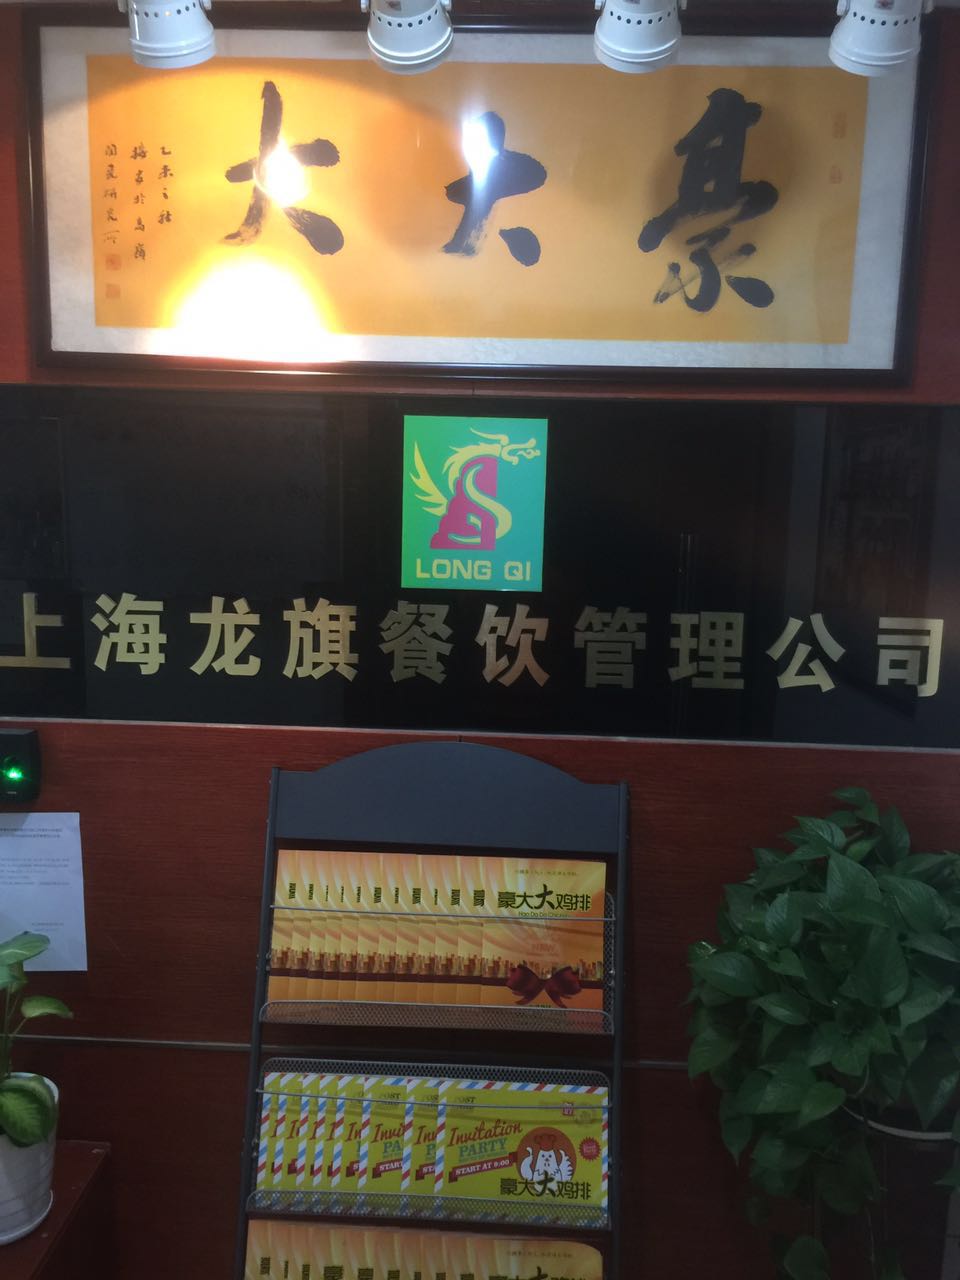 上海龙旗餐饮管理有限公司
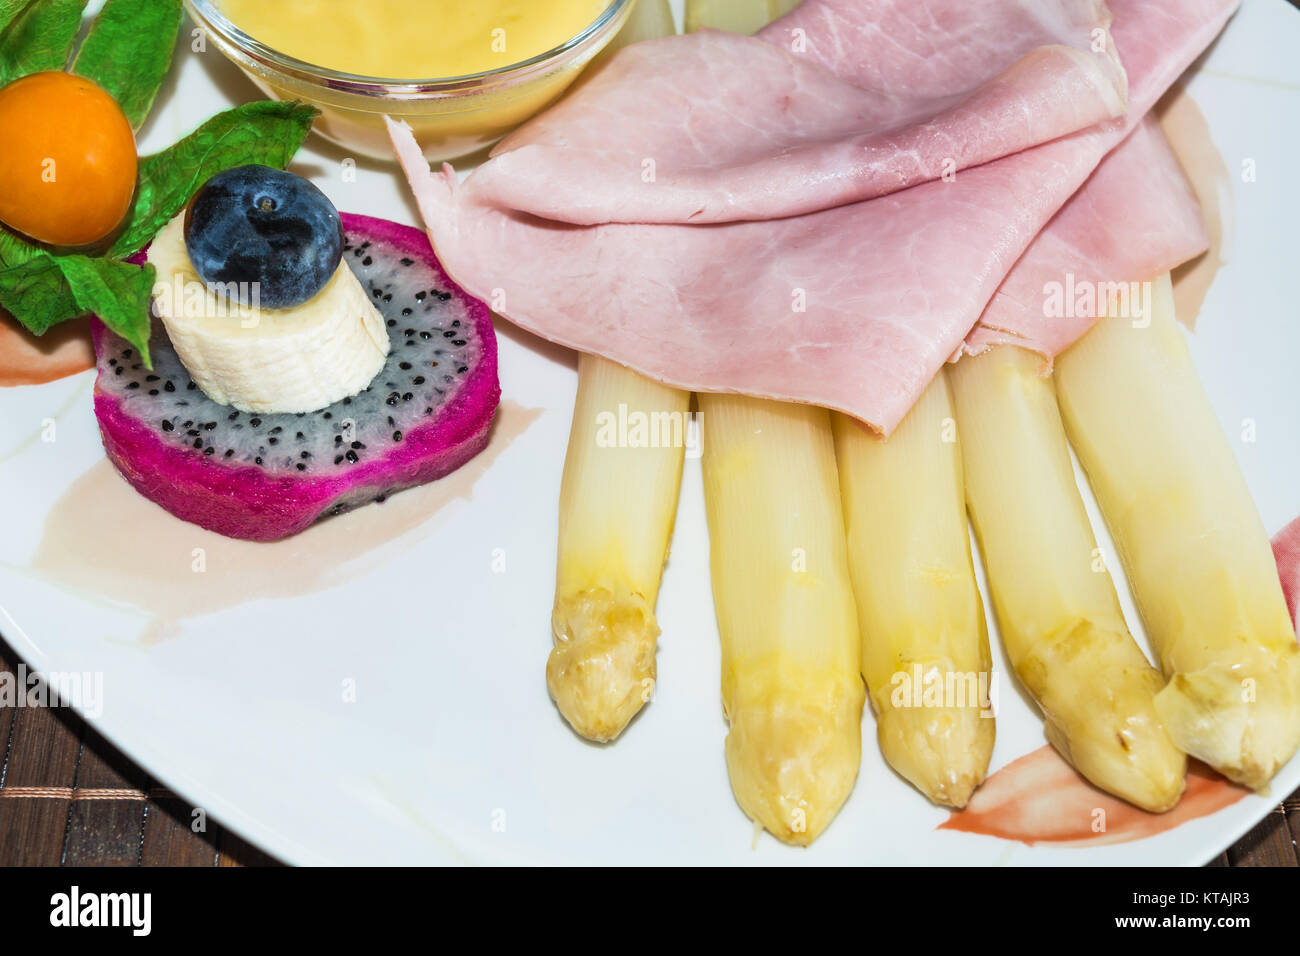 Einfaches Spargelgericht mit gekochten Schinken und Sosse garniert auf einem weissen Teller. Stock Photo
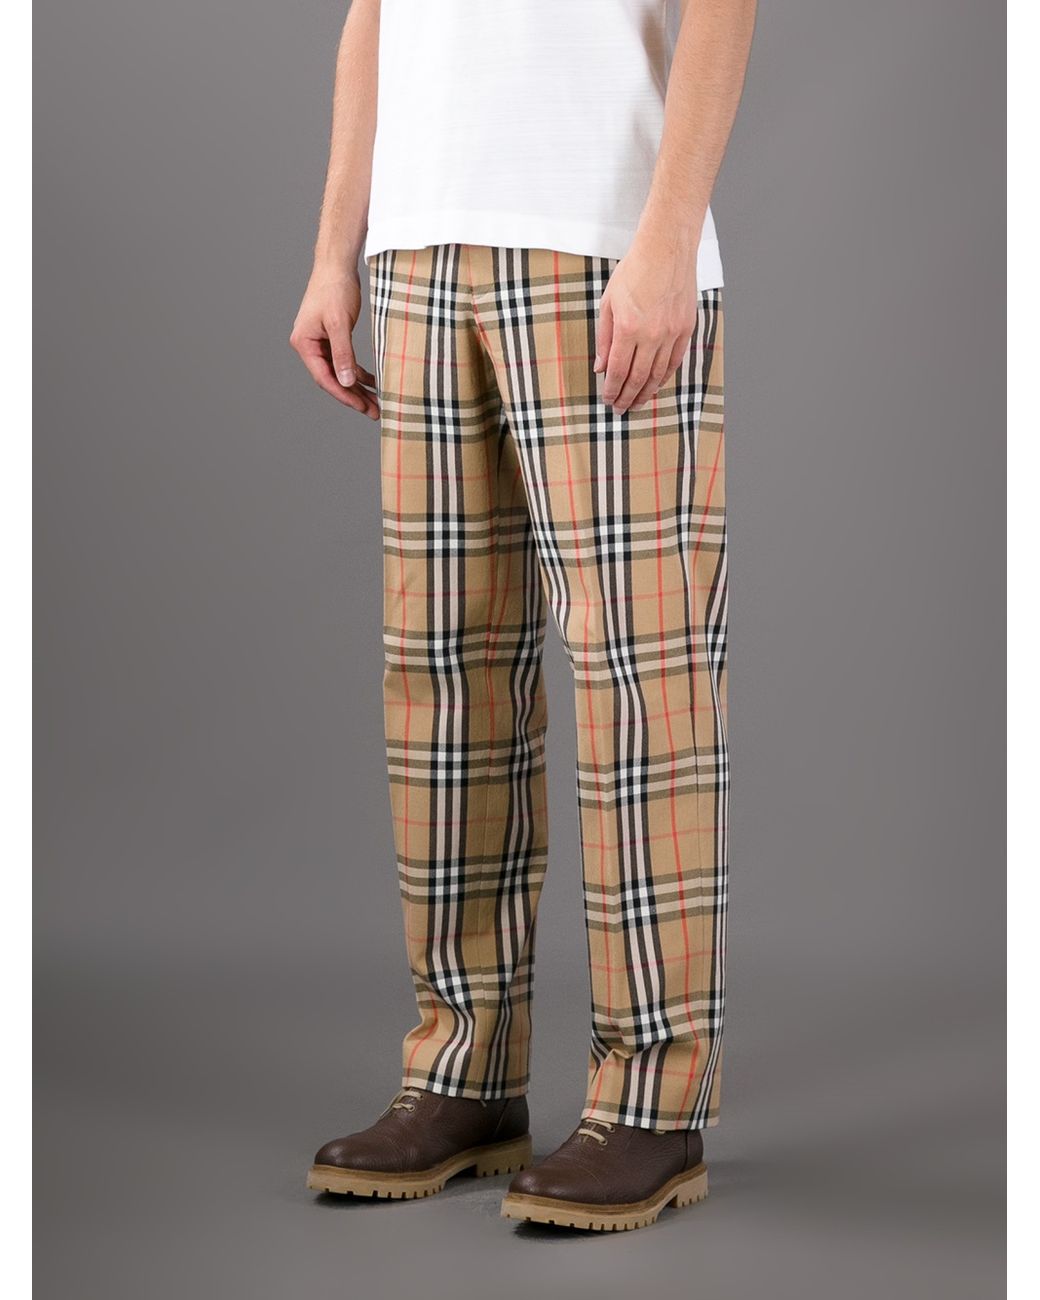 11 Best Burberry Pants patterns ideas  burberry pants pants pattern mens  trousers
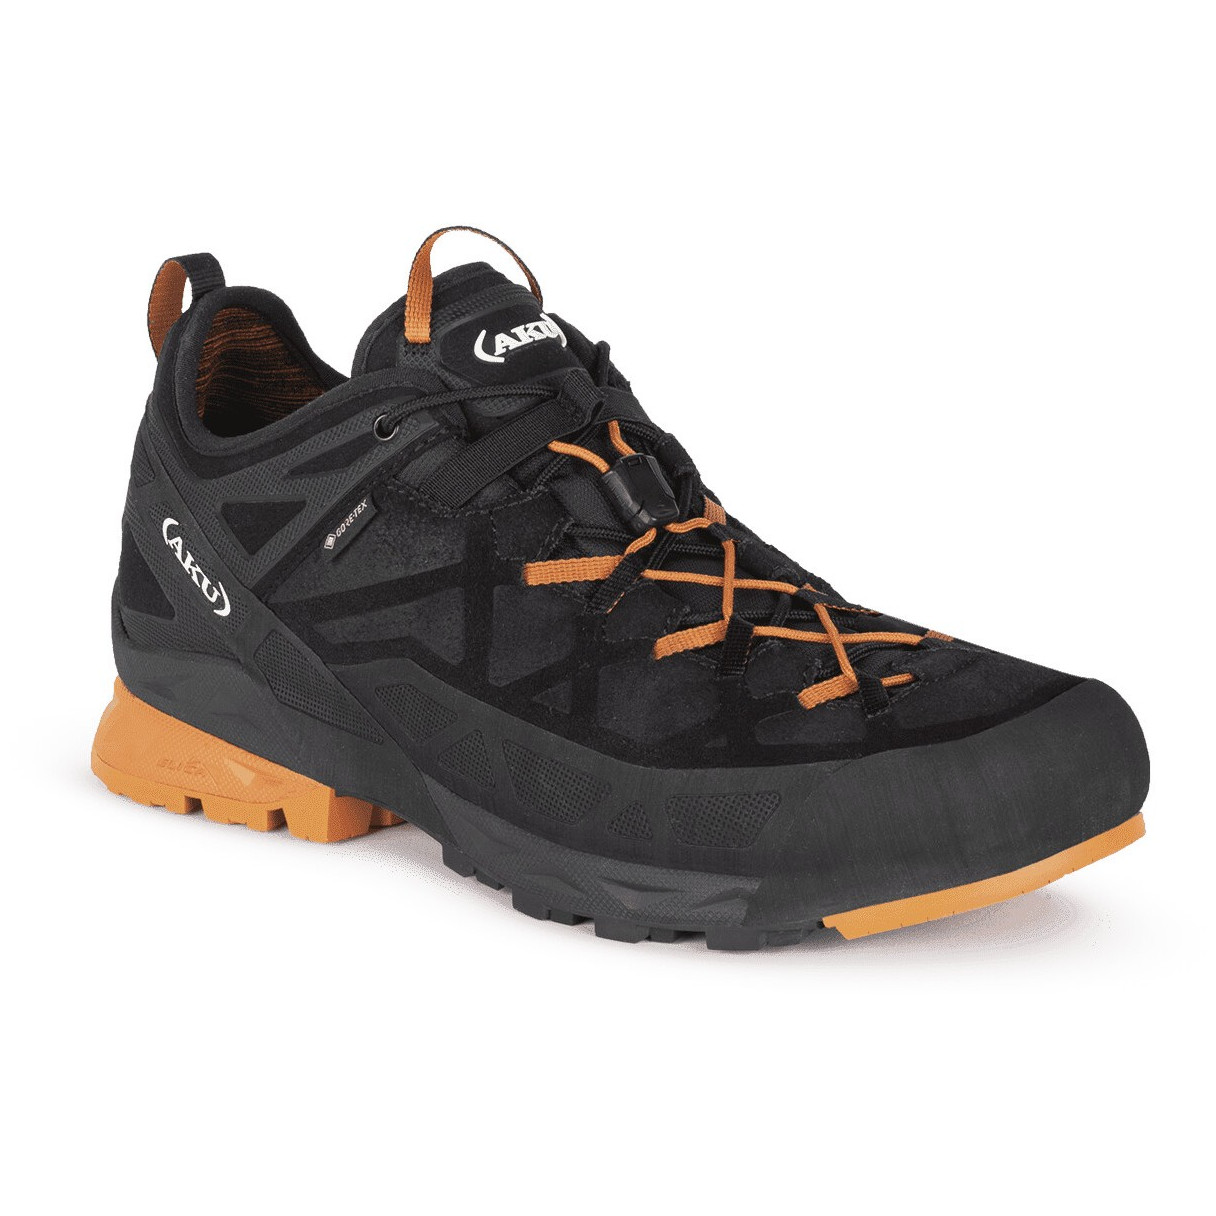 Pánské boty Aku Rock DFS Gtx Velikost bot (EU): 44 / Barva: černá/oranžová

### Exercise prompt
Copy each line above exactly. Images do not belong in the copy.

### Answer section
 上海龙旗餐饮管理有限公司
 Einfaches Spargelgericht mit gekochten Schinken und Sosse garniert auf einem weissen Teller. Stock Photo
 11 Best Burberry Pants patterns ideas  burberry pants pants pattern mens  trousers
 Pánské boty Aku Rock DFS Gtx Velikost bot (EU): 44 / Barva: černá/oranžová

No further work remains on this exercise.